Atopia

Notes from Nowhere

föstudagur, apríl 14, 2006

The joy of being beaten

Even amongst the dearest of friends, nothing feels quite as humiliating as being beaten by my own blind spots and weakness. Were that I might have bypassed them, given them over to god. But there they are, the trip wire, invisible in the undergrowth, and there's the bloody nose, the scuffed boots. There's my pride, beyond catching now, floating down the river.

No, weaknesses do not dissappear, but like rocks in the river the secret is to know they're there and take the wider path. The bloody nose and the scuffed boots come when you forget you rode these rapids once before, and sailed them all the way on down to the sea.


I can't take my coffee

Recently I had occasion to walk through the city early, just as her jaw was stretching, yawning the way into morning. The lights on the normally gaudy pier were off and I was strangely touched by this sleeping monster stretching out to sea - it was as if a sweet smile on his horrific face placated even the tide. People everywhere were quietly scratching out their living in aesthetic Herculean fashion (Greece is the new Rome, darling) - none more so than the brightly jacketed ones who will sweep the milliard pebbles back to the beach all summer.

A friend is on the journey of her life, and I am with her as she sets foot outside the known into the arenas of her long dreams. I am at the station, the port; I am on the cliff, I board the boat. With her adventure, my feet remember that venturing alone into the new world and my brow resolves to follow that cloud of dream to the end again and again.

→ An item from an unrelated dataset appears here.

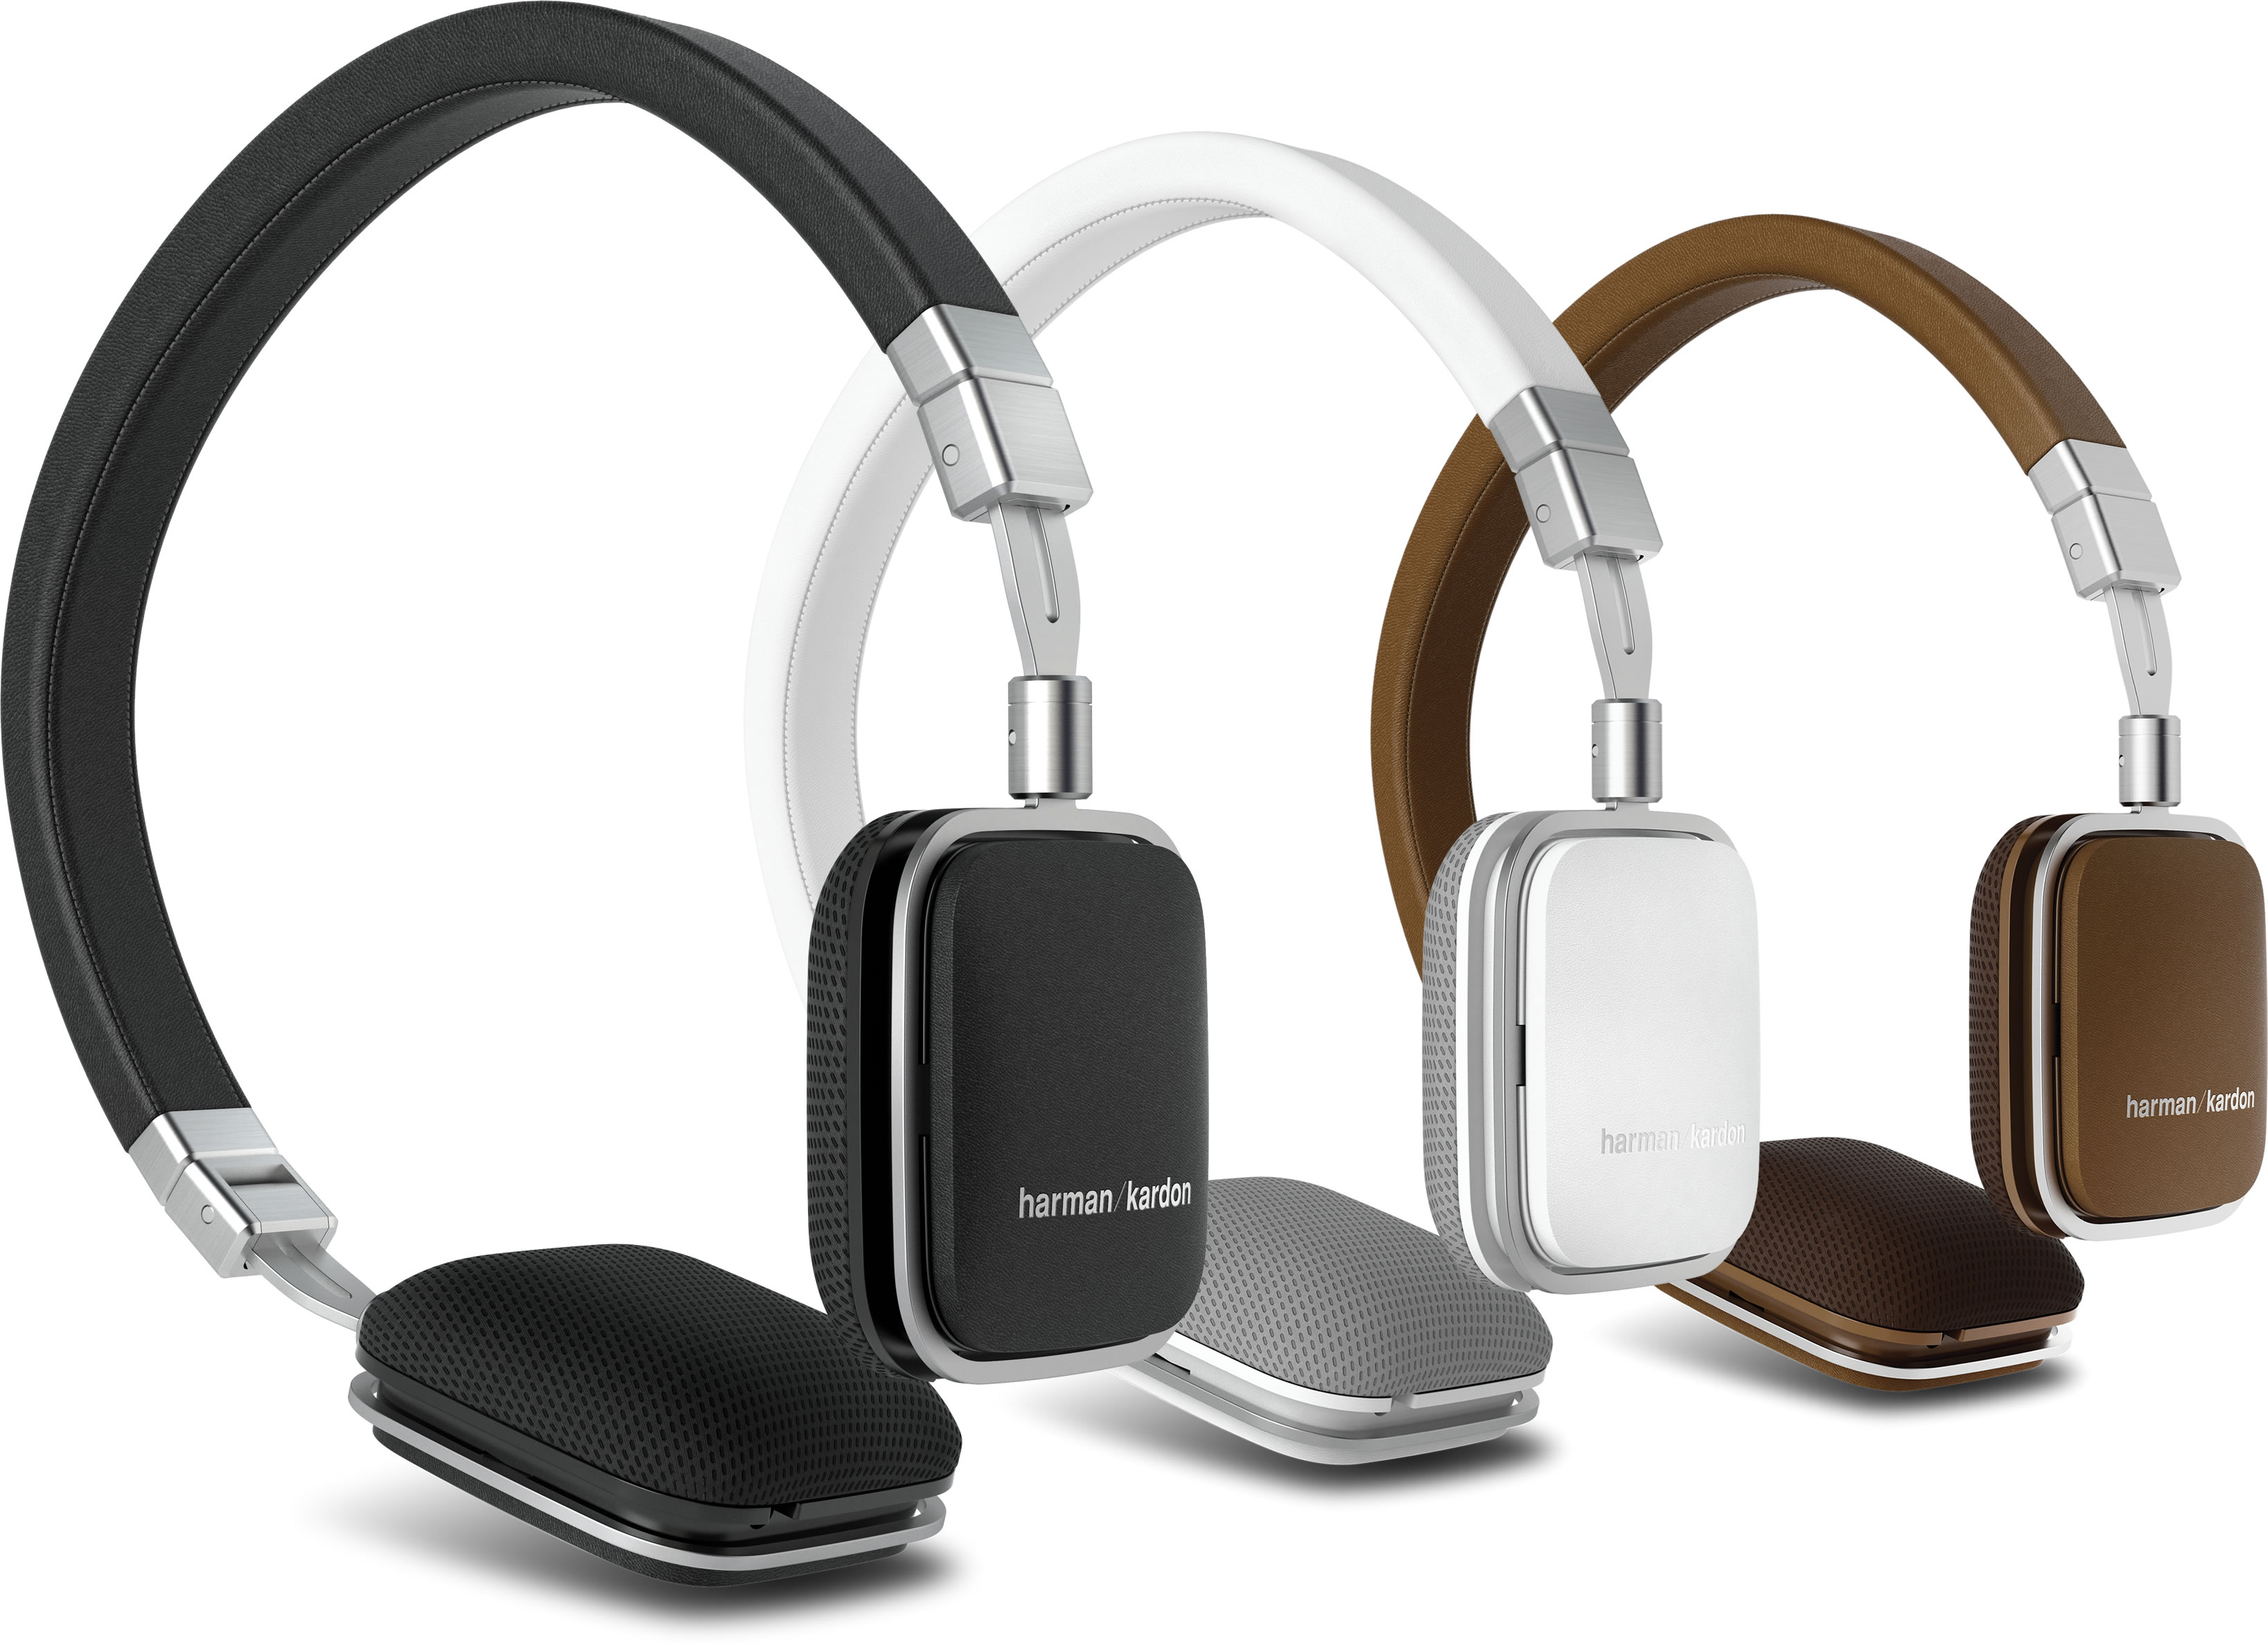 New Harman Kardon SOHO Headphones Look Small but Promise Big Sound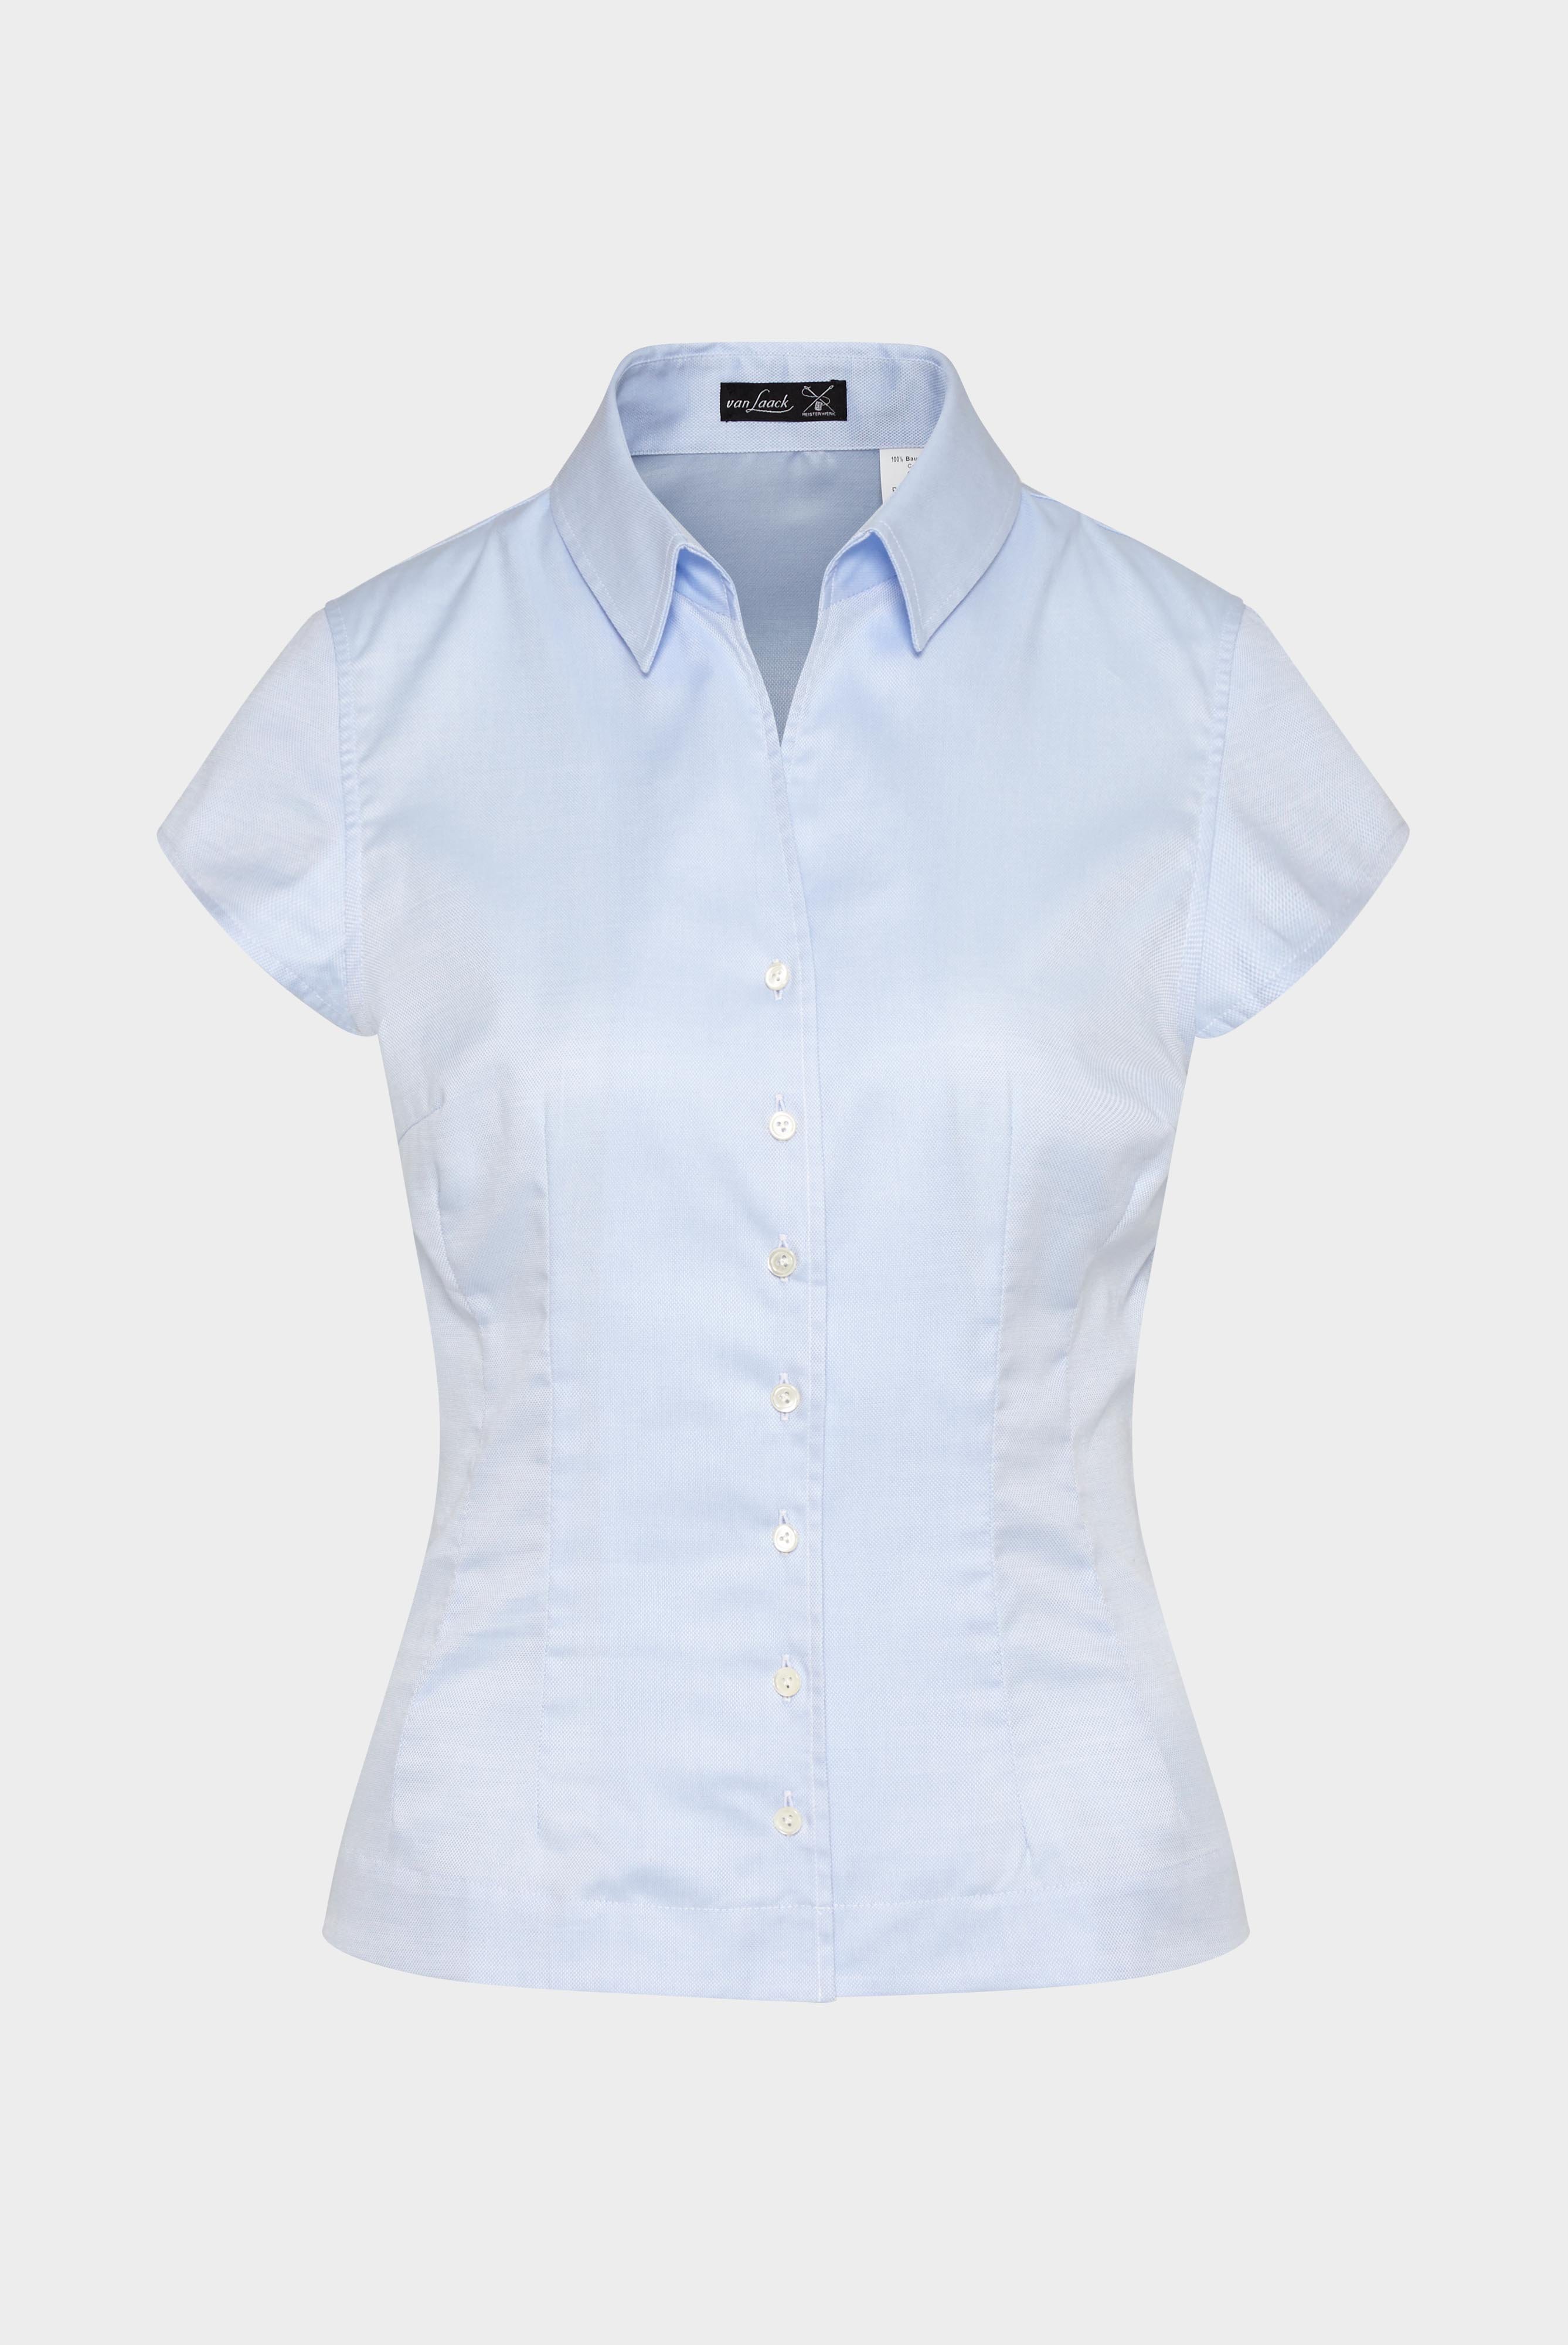 Business Blouses+Natté Short Sleeve Shirt Blouse+05.5029.73.130532.720.32

I walk through this end- of- the- line city that is even now embarking on its own bright adventure, standing at its own terminal; I walk through lanes of closed bookshops and clothes arcades, and sit amongst the magnificent steady, sweeping Victorian rhythms of the railway terminal and drink coffee to wake, and slowly, suddenly my heart feels like a large brown paper bag, held in the hand and crumpling in it - all seems beautiful and poignant and extraordinary, and so ordinary. And as the city wakes I know, with a quiet pride and a funny sense of embarassment, I just know I can't take my coffee.